Terkait dengan Optimalisasi Pembayaran Digital, Sdr. Syihabuddin Ahmad menyampaikan pembahasan mengenai Platform Pembayaran Pemerintah (PPP) dan CMS. Sistem Elektronik pada PPP telah menghubungkan SAKTI dan SPAN dengan beberapa sistem pendukung dan sistem mitra, seperti HRIS, Digipay, E-Perjadin, Katalog Elektronik Versi 6, PLN, Telkom, marketplace, dan sistem perbankan. Sistem ini digunakan untuk mendukung berbagai transaksi pemerintah, seperti pembayaran gaji, common expenses, perjalanan dinas, pengadaan barang/jasa, dan bantuan sosial. Di Tahun 2026 ini direncanakan akan dilaksanakan piloting perjalanan dinas, Common Expenses, Gaji Web, pembayaran Telkomsel, serta uang makan, uang lembur dan tukin pada beberapa K/L. Sedangkan di tahun 2027 direncanakan piloting modul perjalanan dinas luar negeri, tukin, uang makan dan lembur, serta Gaji Web pada seluruh K/L.
Pada kesempatan ini juga disampaikan Sosialisasi Antikorupsi dan Anti Gratifikasi serta Pengenalan Saluran Pengaduan KPPN Kupang oleh Kepala KPPN Kupang, Ibu Delfiana Lase, dengan berfokus pada tata cara pengaduan dan saluran pengaduan.

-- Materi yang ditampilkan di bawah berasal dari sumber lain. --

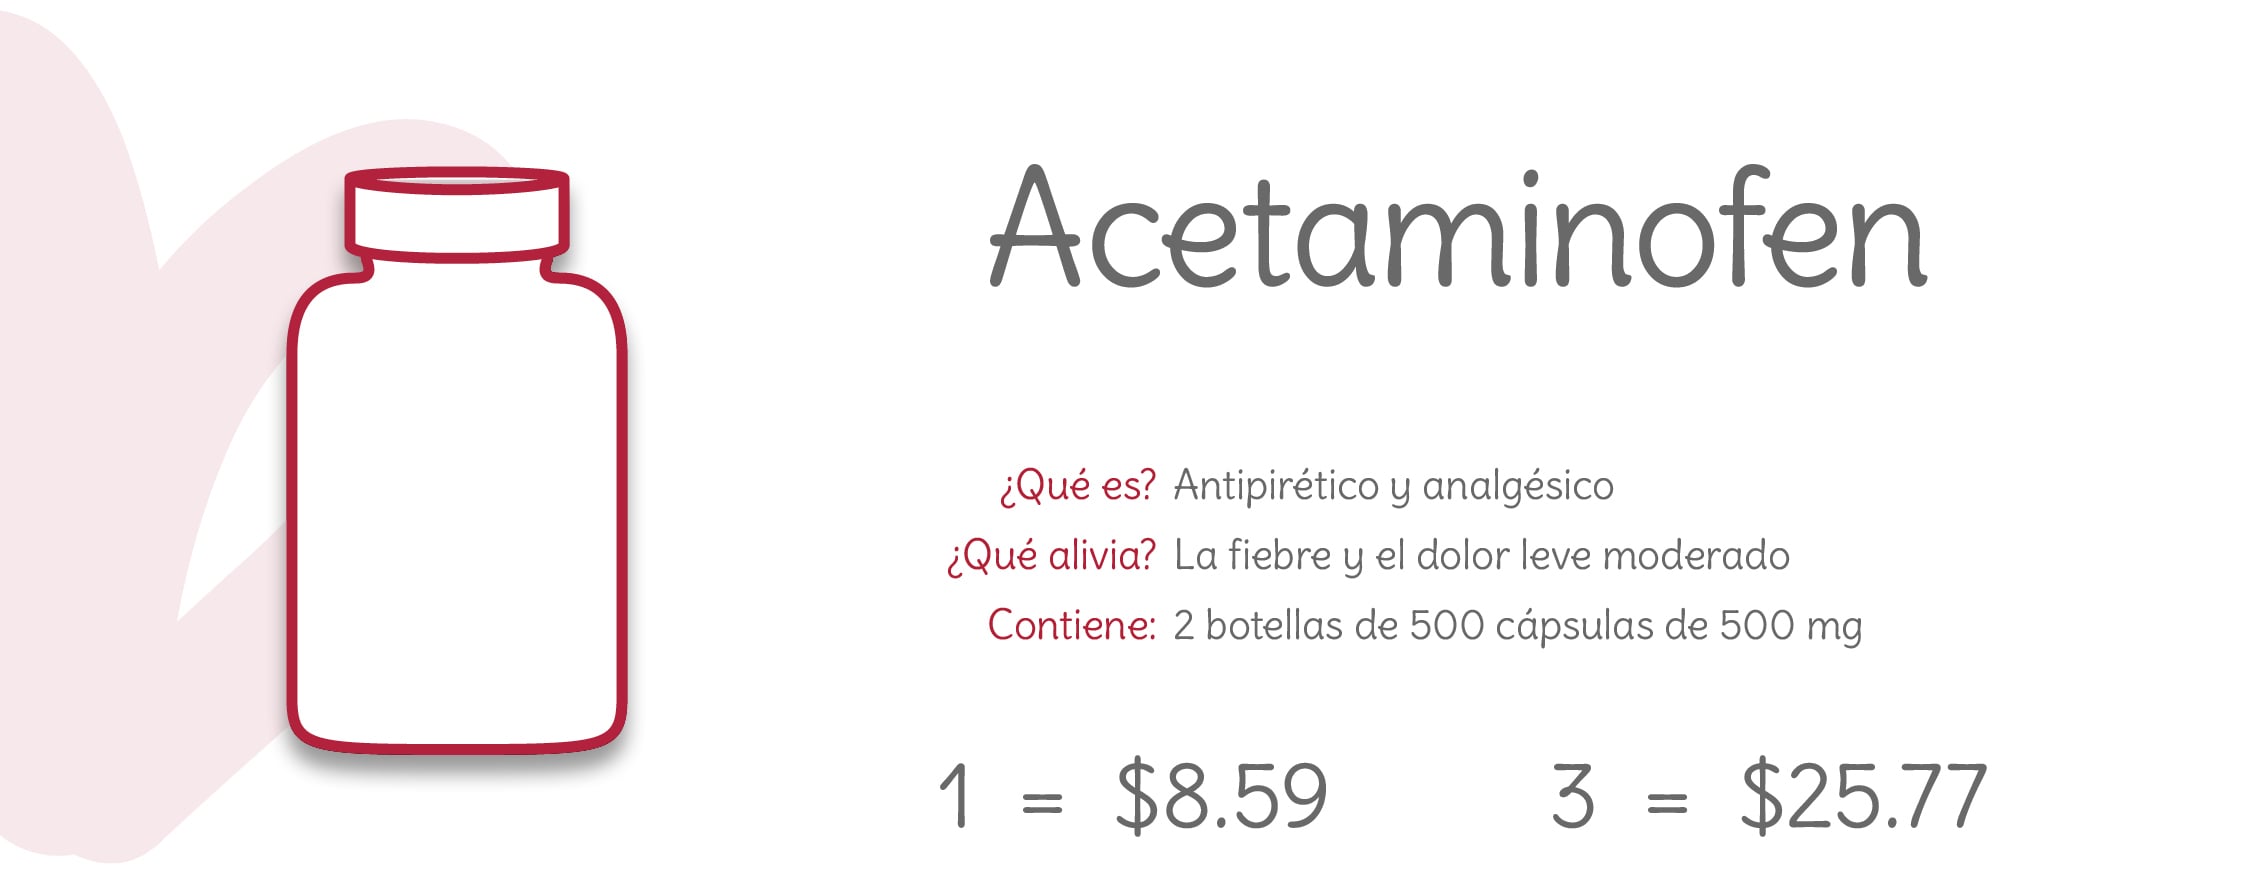 4_Acetaminofen

Ditegaskan kembali bahwa laporan gratifikasi wajib disampaikan paling lambat 30 hari kerja sejak gratifikasi diterima. Laporan yang melewati batas waktu tersebut tetap dapat diproses sepanjang memenuhi ketentuan sebagaimana diatur dalam Pasal 12B ayat (3) Undang‑Undang Nomor 20 Tahun 2001, sepanjang unsur pidana belum terpenuhi. Gratifikasi yang dapat dipidana adalah gratifikasi yang memenuhi unsur Pasal 12B UU 20/2001 yang menyatakan bahwa setiap gratifikasi kepada pegawai negeri atau penyelenggara negara dianggap pemberian suap apabila berhubungan dengan jabatannya dan yang berlawanan dengan kewajiban atau tugasnya. Selain itu juga ditegaskan kembali bahwa KPPN Kupang menolak segala bentuk gratifikasi. Apabila terdapat pihak yang mengetahui adnaya pelanggaran agar menyampaikannya melalui saluran pengaduan resmi KPPN Kupang.

Diharapkan melalui kegiatan ini dapat memperkuat manajemen eksternal mitra kerja dalam wilayah kerja KPPN Kupang, berupa peningkatan komitmen dan tingkat pemahaman para pengelola keuangan khususnya dalam mengawal IKPA, serta percepatan pemenuhan Sertifikasi Pejabat Perbendaharaan. Selanjutnya, melalui Sosialisasi Anti Korupsi/Anti Gratifikasi dan Saluran Pengaduan KPPN Kupang diharapkan dapat meningkatkan komitmen dan penyebarluasan nilai integritas (anti korupsi) termasuk dalam tolak dan lapor gratifikasi.